Our ATP generator reached titers of 27 ± 6 mM ATP and 59 ± 15 mM acetone with maximum ATP synthesis rate of 2.8 ± 0.6 mM/h and acetone of 7.8 ± 0.8 mM/h. The ATP generator produces acetone as a value-added side product.

#THERMODYNAMICS CALCULATOR FREE#

Here we show how ethanol can be converted with a cell free system into acetyl-CoA, a central precursor for myriad biochemicals, and how we can use the energy stored in ethanol to generate ATP, another key molecule important for powering biochemical pathways. Carbon-negative ethanol might therefore provide a feedstock for building a wider range of sustainable chemicals. Here we describe the database characteristics and implementation and demonstrate its use.Įthanol is a widely available carbon compound that can be increasingly produced with a net negative carbon balance.

#THERMODYNAMICS CALCULATOR CODE#

The eQuilibrator code is open-source and all thermodynamic source data are freely downloadable in standardįormats.

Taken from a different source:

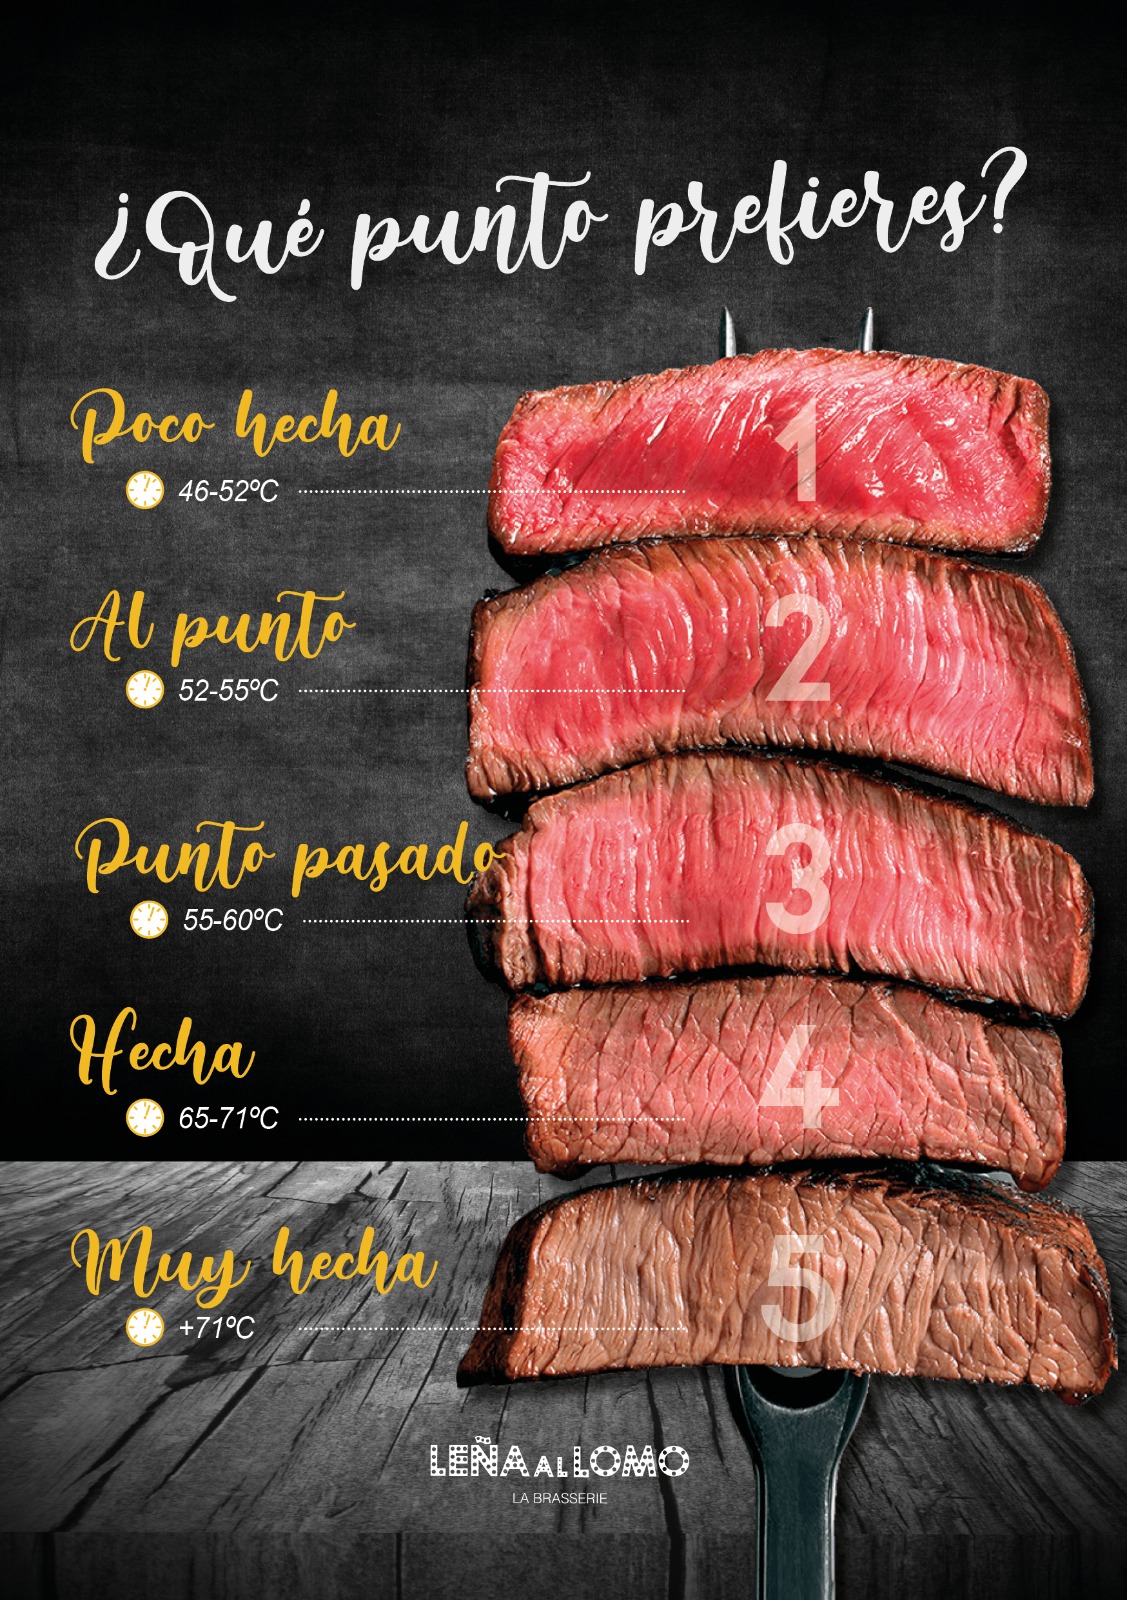 How would you like your steak?

() enables easy calculation of Gibbs energies of compounds and reactions given arbitrary pH, ionic strength and metaboliteĬoncentrations. To address this problem, eQuilibrator couples a comprehensive and accurate database of thermodynamic properties of biochemicalĬompounds and reactions with a simple and powerful online search and calculation interface. ‘how much Gibbs energy is released by ATP hydrolysis at pH 5?’ are complicated excessively by the search for accurate data. However, thermodynamic data on biochemical compoundsĬan be difficult to find and is cumbersome to perform calculations with manually. The laws of thermodynamics constrain the action of biochemical systems.